Revering cites one particular case involving a man who shot at police, but a Hennepin County judge was in disbelief that police were the intended target.
The western suburbs are also seeing an increase in illegal street racing, a problem that has confounded Minneapolis Police and led to two innocent bystanders being killed in Minneapolis last month.
"In the City of Plymouth we had two pedestrians struck and killed," and that was the result of a street race," said Plymouth Police Chief Erik Fadden.
Part of the problem is that even suburban police departments are getting less cooperation from the public.
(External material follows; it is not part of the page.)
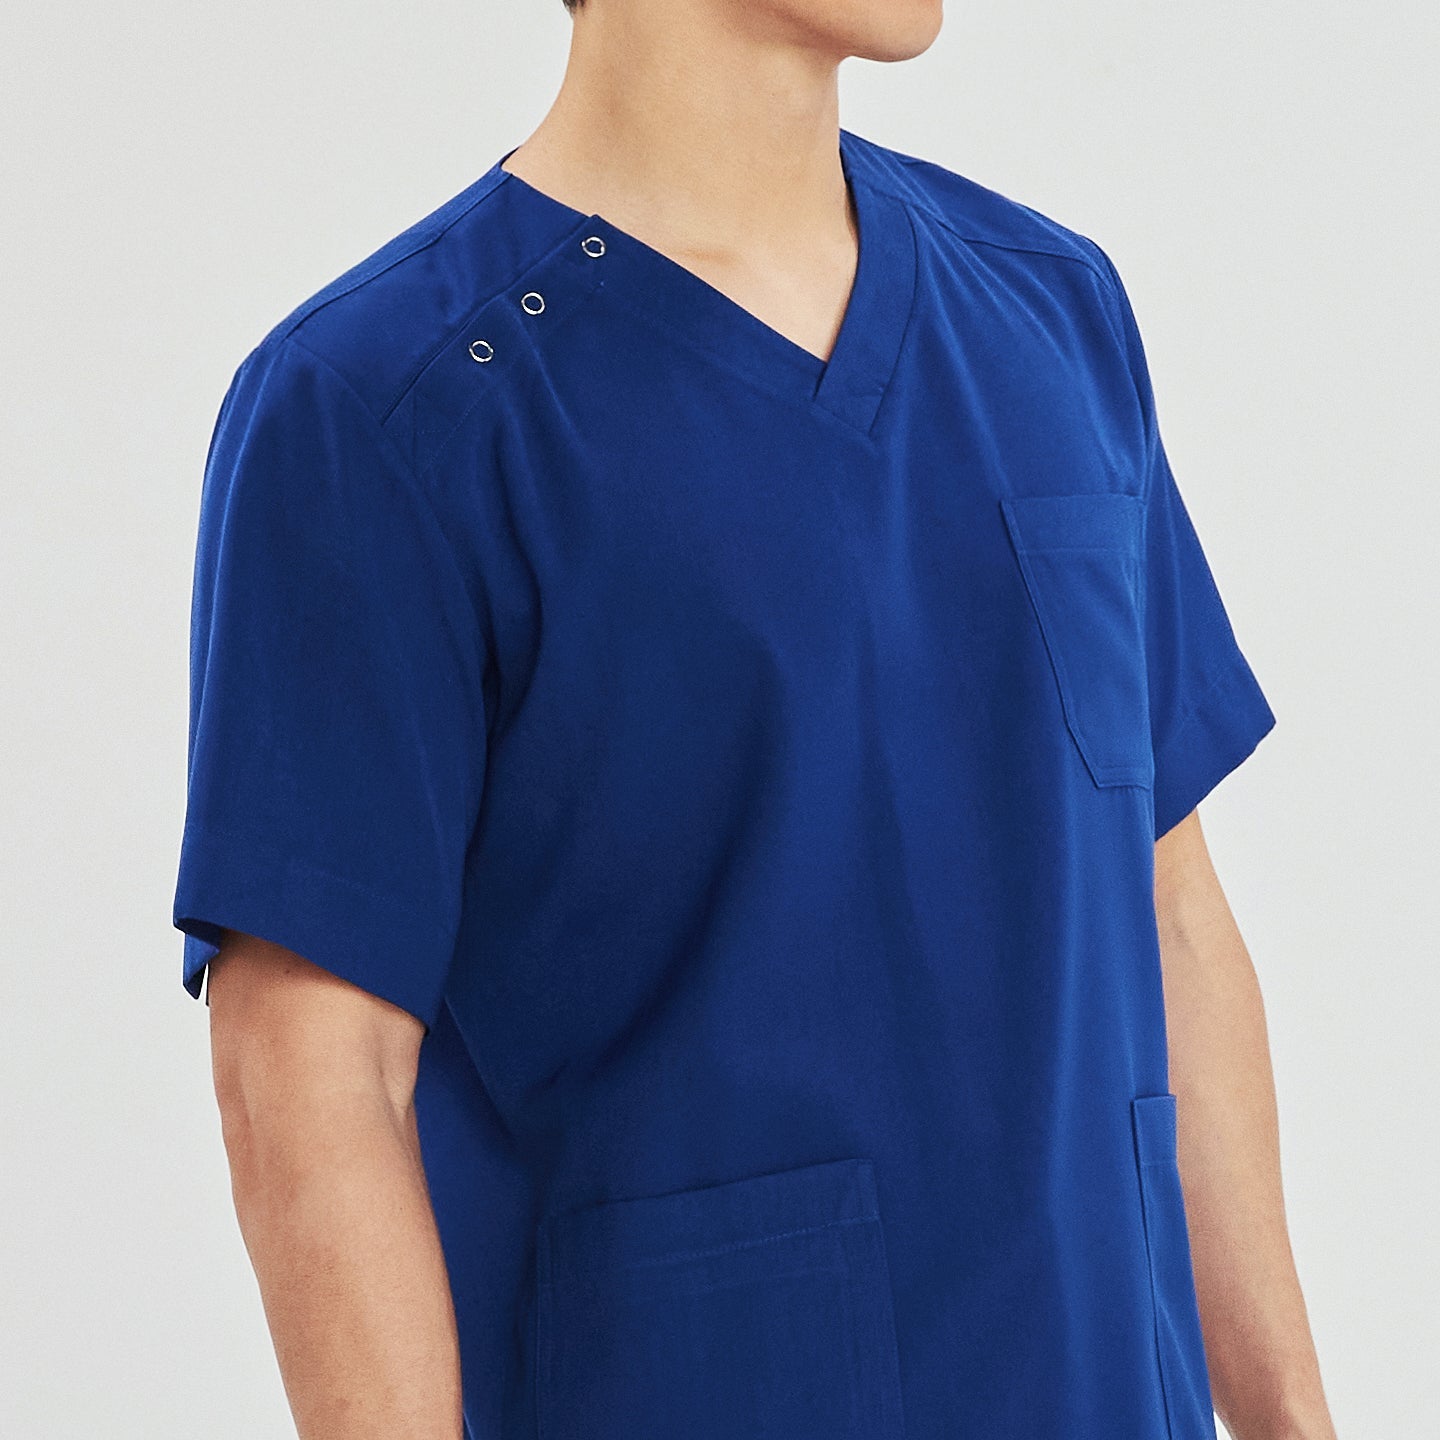 Close-up of a man wearing a scrub top with a V-neck, three-button shoulder detail, and a front chest pocket,Royal Blue

The chiefs believe the ‘Defund the Police’ movement in Minneapolis has portrayed all police departments as illegitimate; an occupying force in their own communities.
That attitude, the chiefs said, prevents cooperation and consensus on needed reforms.
"We see the same individuals again and again and again," said Brooklyn Park’s Enevoldsen.
"All we can do is get them assigned a caseworker. That’s the best we can do. We can never exchange information with a caseworker, whatsoever," he said.
Maple Grove Police Chief Eric Werner, who is head of the Minnesota Police Chiefs Association, said police are not getting credit for many of the reforms they’ve already made in the mental health field.
"I think Minnesota law enforcement has done a tremendous job in that area," said Werner. He said most agencies have committed to 40 hours of crisis intervention training for their officers and now have embedded social workers in their departments.
"We are trying to find what is the next evolution, what is the next change, or what is the next best practice, how can we do it better. We have found solutions but will continue to look for what’s best," said Werner.
Part of that evolution is having departments that reflect the demographics of their communities. But the current climate makes it difficult to recruit and retain officers from marginalized communities where their perspective and experience are needed most.
"We are all having problems getting people to be police officers," said New Hope Police Chief Tim Hoyt.
"People who have not applied, we need you to be a police officer. You may have the next great answer that will help us," said Hoyt.
The police chiefs sense this summer is becoming another tipping point and worry the level of gun violence they are seeing will become normal, even for the suburbs.
"We’re not here to say we’re perfect. We can do police reform and address violent crime," said Brooklyn Park’s Enevoldsen.
But Rev. Jerry McAfee, a longtime community activist who lives in Brooklyn Park, said communication is a two-way street.
"Before there’s a prognosis you have to have a proper diagnosis," McAfee said.
"The cities have never believed what we’ve said. We told them they were going to get here, they didn’t believe it," McAfee said.
The chiefs are finally talking, but said they want the communities they protect and serve to know they’re also ready to listen.
"No one wanted to hear from us for 15 to 18 months and we finally decided for the betterment of our community we had to say something," Enevoldsen said.